И это ни в какое сравнение не шло с тем, что мы сделали в этом чертовом лифте.
========== 23. better run, here i come ==========
В сад гордых роз любви моей
Пришла зима, снег и метель
Парадокс всей это системы в том, что чем больше ты думаешь, тем больше находишь вопросов. И тем больше путаешься. Грейс говорила о том, что мне нужно идти дальше, но я понял, что не хочу думать и об этом. Ни о своей тупой депрессии, ни о тайне Азирафеля, ни о вице-мере, который дрочит на мысли о том, как мне засунут автомат в глотку.
Мне оставалось радоваться только тому, что я в принципе не особо что-то и ощущал по этому поводу. Психопатия и депрессия сделали свое дело, и теперь мне было насрать мало что на окружающих, так ещё и на себя.

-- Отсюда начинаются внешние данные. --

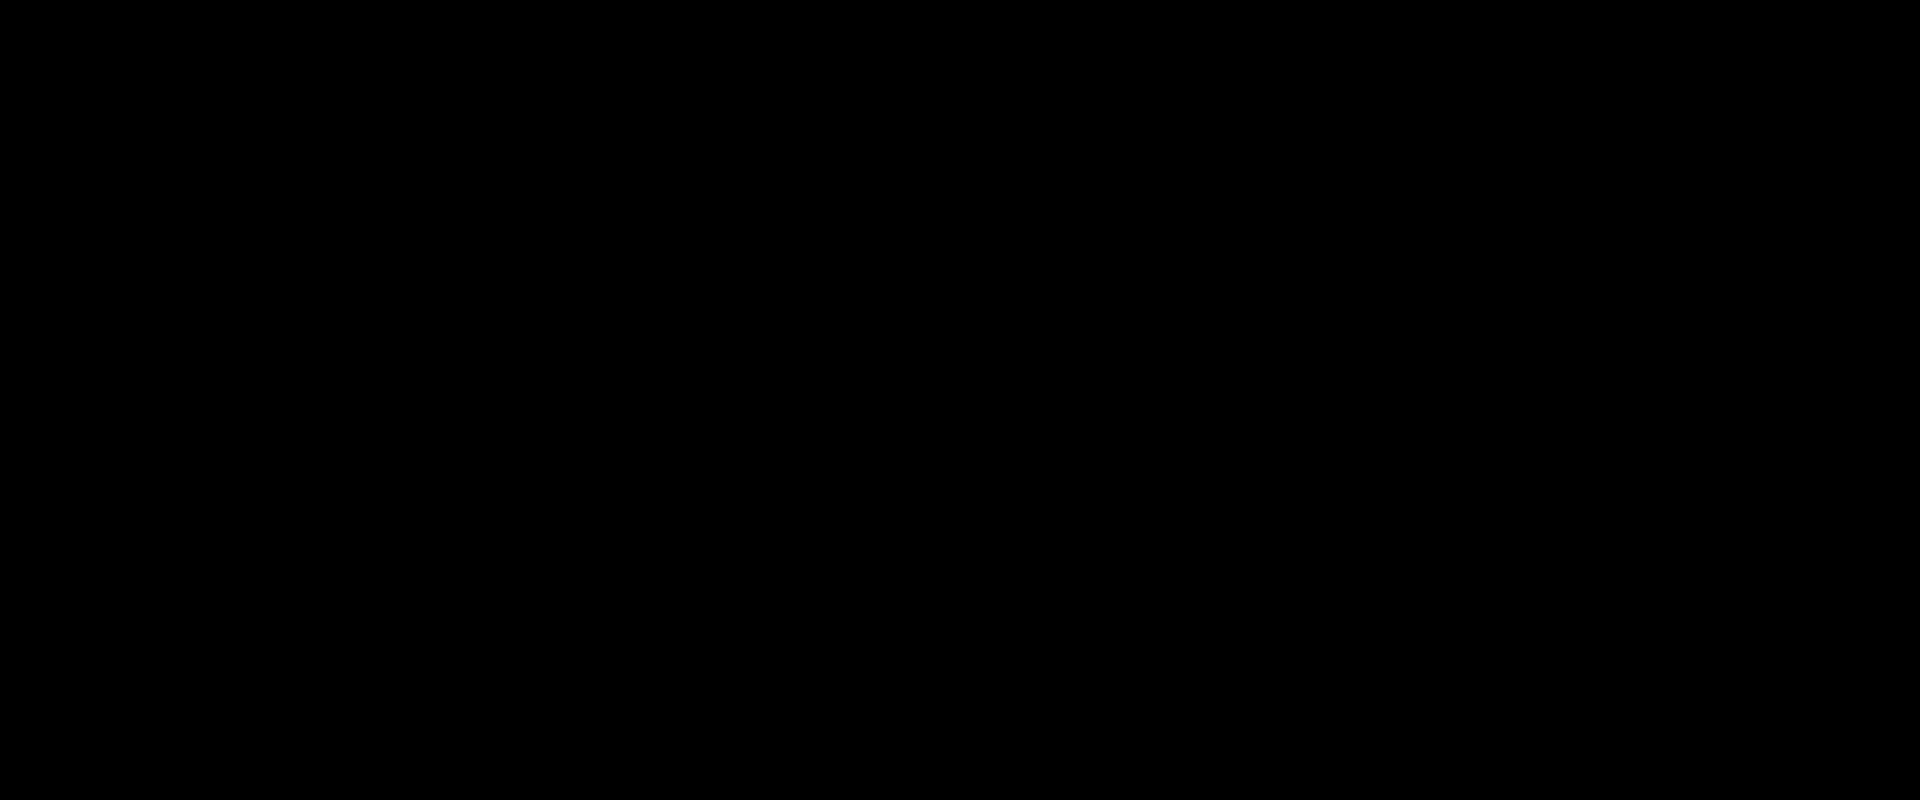 Dasfarbenfrohe Und Ikonische Lil Peep Logo Wallpaper
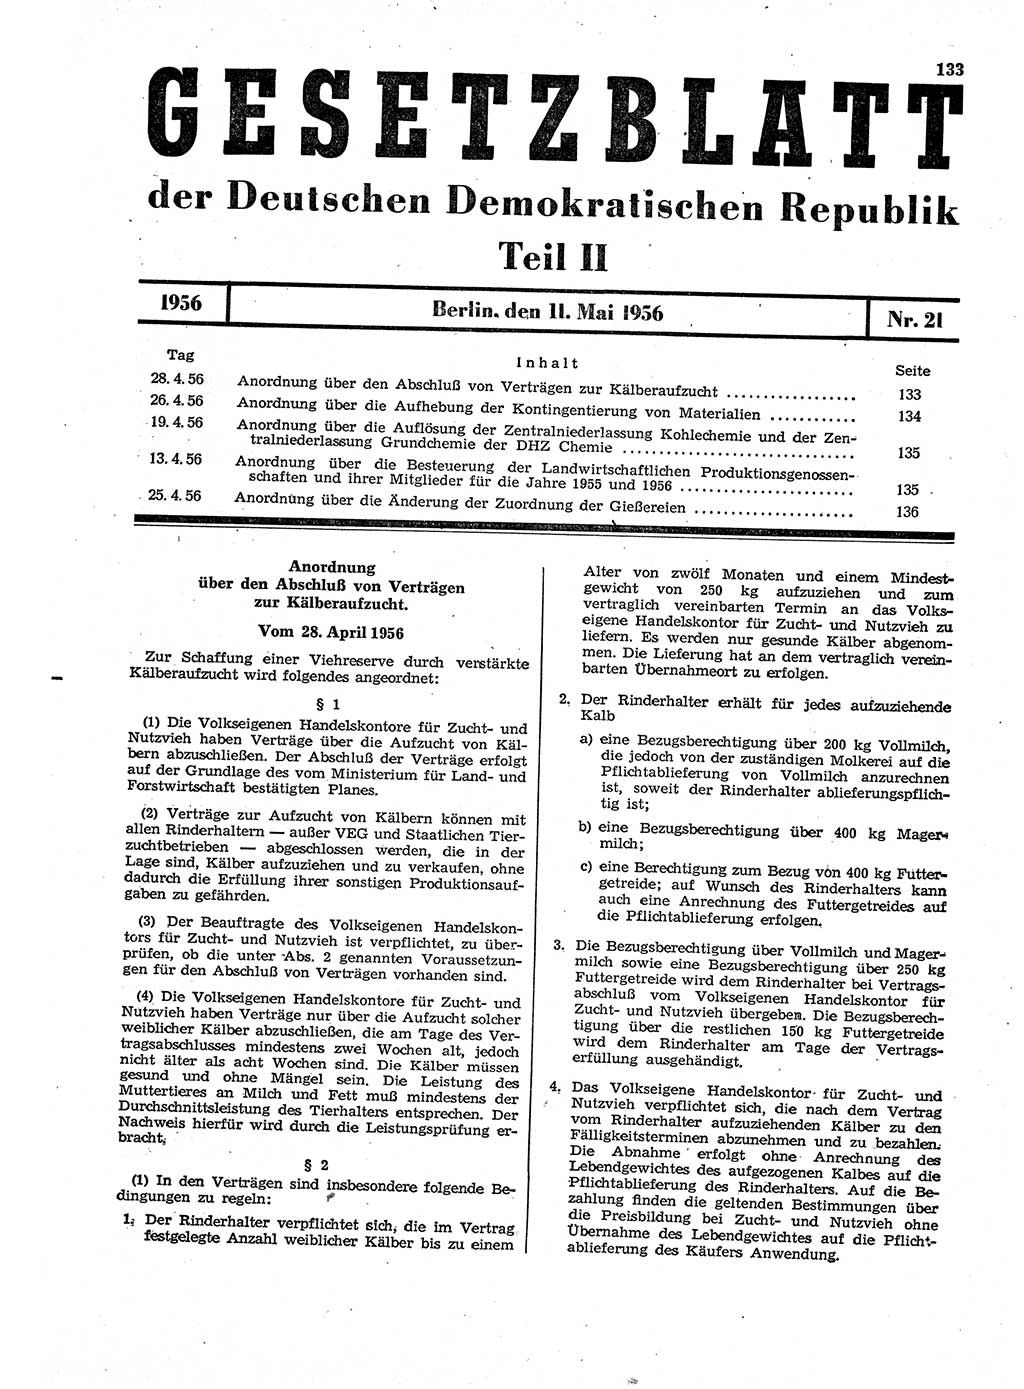 Gesetzblatt (GBl.) der Deutschen Demokratischen Republik (DDR) Teil ⅠⅠ 1956, Seite 133 (GBl. DDR ⅠⅠ 1956, S. 133)

Я думал об Азирафеле большую часть из всего свободного времени. Я разобрал нашу историю на части, посмотрел на каждый эпизод теперь не затуманенными глазами, и понял, что, в общем-то, только бы слепой не понял, что это, конечно, была не любовь. Никакая любовь не сопровождается маниакальностью. А мое отсутствие сочувствия к нему? Черт возьми, все ведь помнят мою реакцию на его рассказ о детстве? Подождите, что говорите, не помните? Да, правильно, потому что её не было. Знаете, почему?
Потому что мне насрать.
Я слишком долго притворился вменяемым, чтобы продолжать это делать.
Я врал себе, врал другим, но Босс оказался прав (снова) — себя мне не обмануть так, чтобы я смог в это поверить. Я не верил.
Я хотел Азирафеля.
Частичная правда.
Но я все равно решил встретиться с Анафемой после этого бедлама. Я ощутил, что мне нужна разгрузка. От чего? Я не знал. Не думал. Не хотел.
Ведь все мы уже уяснили, что когда мы говорим «я не умею», мы, на самом деле, имеем в виду то, что мы «не хотим».
Мы умеем все. Достаточно открыть интернет. Просто нужно захотеть. Но я не хочу. И уже прошло достаточно времени, чтобы я мог заявлять об этом в открытую.
Мы сидим на очередной террасе. Около нас шумят машины, и я не совсем уверен об удачном расположении этого кафе, но, в общем-то, оно хотя бы выглядит нормально.
— Так ты думаешь о том, что у тебя, возможно, нет психопатии? — Анафема мешала соломинкой апельсиновый фреш, пялясь на меня так, как она это делает обычно: почти не моргая и будто пытаясь прочитать ценную информацию на изнанке моих век.
— Я не говорил этого. Я просто думаю о привязанности, и, ну…
— Мне кажется, ты не совсем понимаешь, что такое привязанность, — Анафема покачала головой, оперевшись щекой о кулак. — Я заметила за тобой ещё одну вещь. Она тоже связана с твоим поверхностным восприятием и «чувство вины на десять минут». Скажи мне, как долго ты скучал по родителям?
Выстрел.
Я пялюсь на неё, и вот это мне не хочется говорить вслух. Но она продолжила:
— О сестре? Энтони, может, ты до сих пор скорбишь?
— Очень сложно скорбить, когда вокруг тебя столько людей держат тебя на прицеле.
— Ага, об этом я говорю. Твоя реакция — преувеличенная и быстрая. Как вспышка. Выстрел. После этого все прекращается. Поэтому ты не переживал смерть своей сестры. Если бы ты действительно ощущал вину, то ты бы чувствовал её не два часа, и не один раз по случайности, когда кто-то тебе напомнил. Энтони, ты психопатичен, поэтому ты не страдаешь по ним. Ты страдаешь по себе. А это уже истеричная психопатия. Почему ты заговорил об этом? Я думала, тебе больше будет волновать твоя депрессия, нет?
— Честно говоря, после того, как меня поваляли по асфальту, я уже не очень-то и страдаю.
— А вот это уже просто гормоны, — она пожала плечами. — Мы все знаем, что ты адреналиновый маньяк, поэтому подобные ситуации заставляют тебя оживать. Но через час все вернется на свои места. Ты не совсем понимаешь, почему ты вообще что-то якобы чувствовал к людям, да? Про это ты хочешь спросить?
Я рассеяно уставился на свой стакан с каким-то, вроде, коктейлем — заказ сделала Анафема. Чувствовал ли я что-то?